How to use ParseEyetrackerFile

This notebook illustrates how to read in the output from the EyeLink-software, as implemented with exptools.

[10]:
%matplotlib inline
[2]:
# imports
from linescanning import (
    dataset,
    plotting,
    fitting
    )

import os
opj = os.path.join
opd = os.path.dirname
221207-14:58:37,988 nipype.utils WARNING:
         A newer version (1.8.4) of nipy/nipype is available. You are using 1.8.2

Whenever you run an experiment with exptools, you’ll get an edf-file. This file can be read in with hedfpy, which is wrapped into the ParseEyetrackerFile-class within the linescanning-toolbox. I have provided an example dataset eye.edf. This is from a recent 3D-EPI acquisition with a TR of 1.1s, and 270 volumes (this is necessary to extract the correct time period of the eyetracking)

[3]:
# define an edf file
edf_file = opj(opd(opd(dataset.__file__)), 'examples', 'eye.edf')

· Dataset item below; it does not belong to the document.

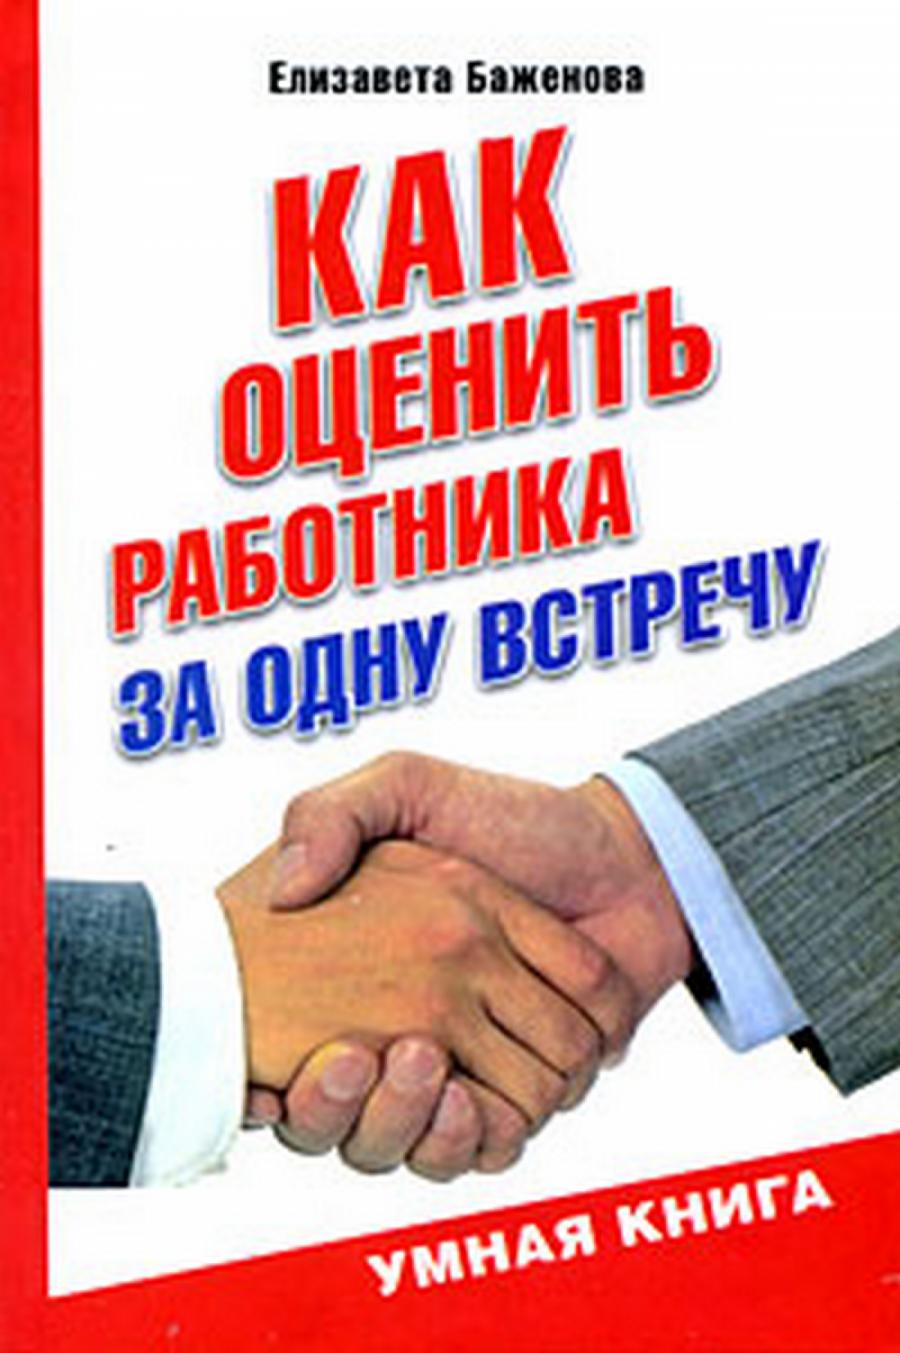 Обложка книги:  елизавета баженова - как оценить работника за одну встречу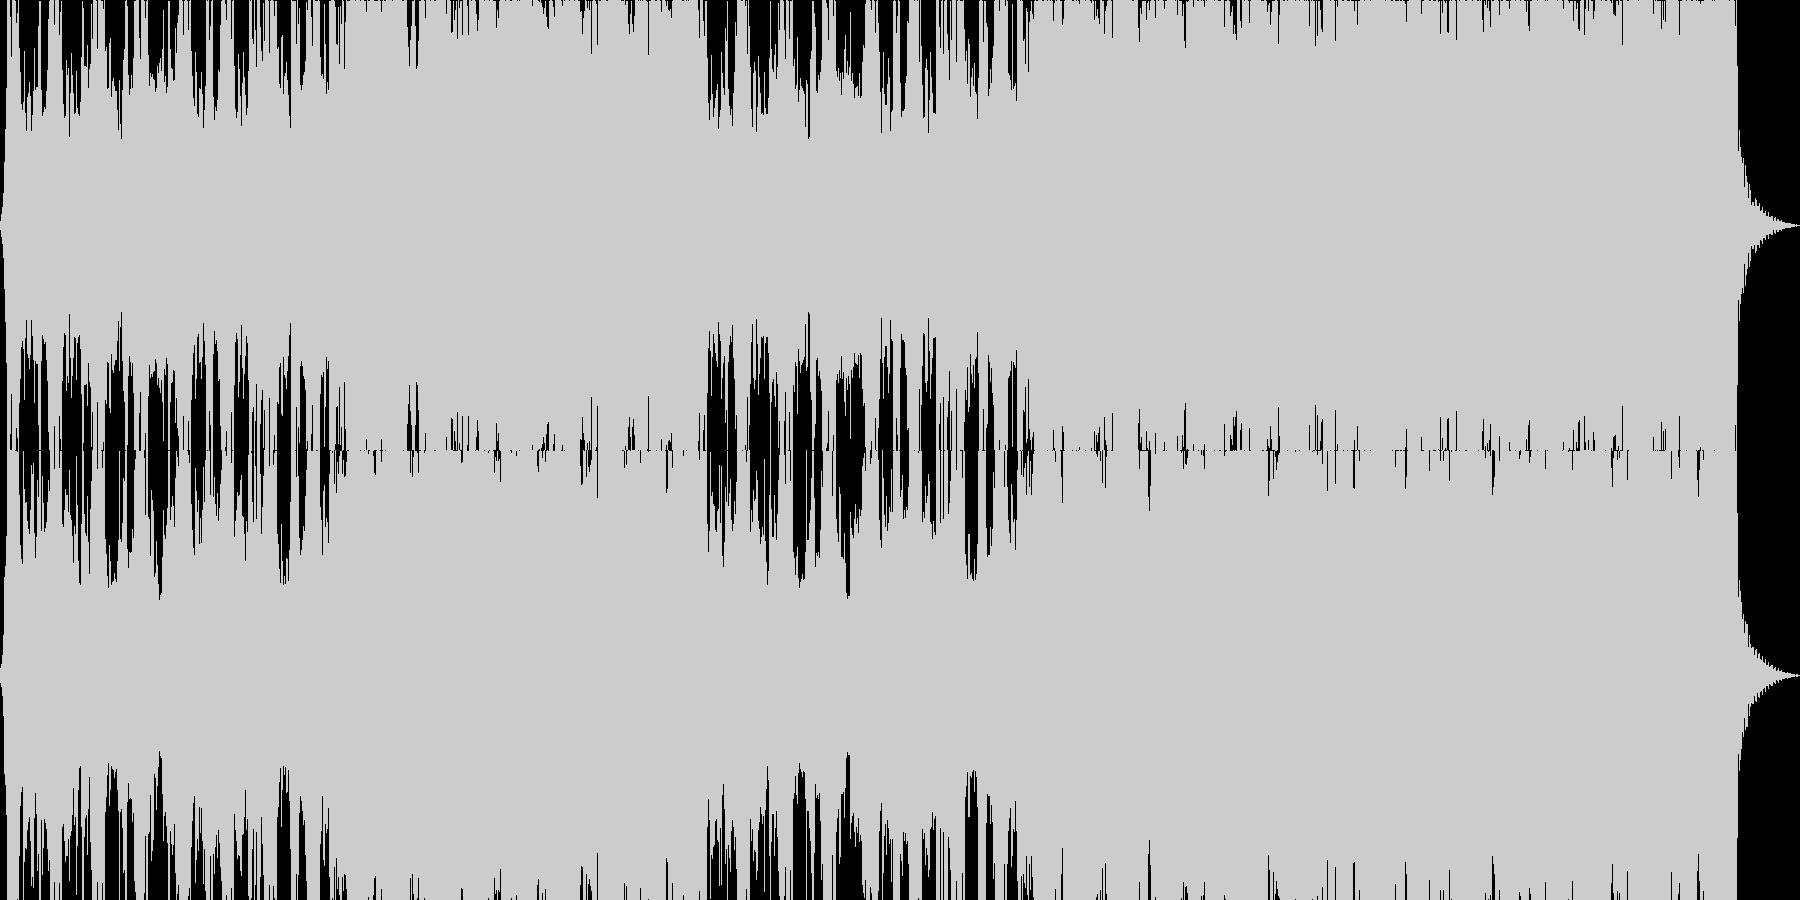 パワフルで激しいロック音楽の未再生の波形

The hard part is actually getting the eyetracking data, processing is not that difficult really. We can just plop everything in the class and check it’s read-outs, but first let’s try to understand what happens under the hood.

From hedfpy:

For full parsing of the edf file data, hedfpy assumes a specific trial-based experimental format that is communicated to the eye tracker. Specifically, it looks for explicitly formatted messages by means of regular expressions. These messages detail the start and end of trial phases, trials, button press events, sound events and the stimulus parameters for a given trial which are all stored in tabular format in the HDF5 file. The parsing of these messages can be turned off for basic functionality.”. This hdf5-file is stored in the directory in which edf_file lives. It will also store other outputs - such as basic quality assessments - in that folder.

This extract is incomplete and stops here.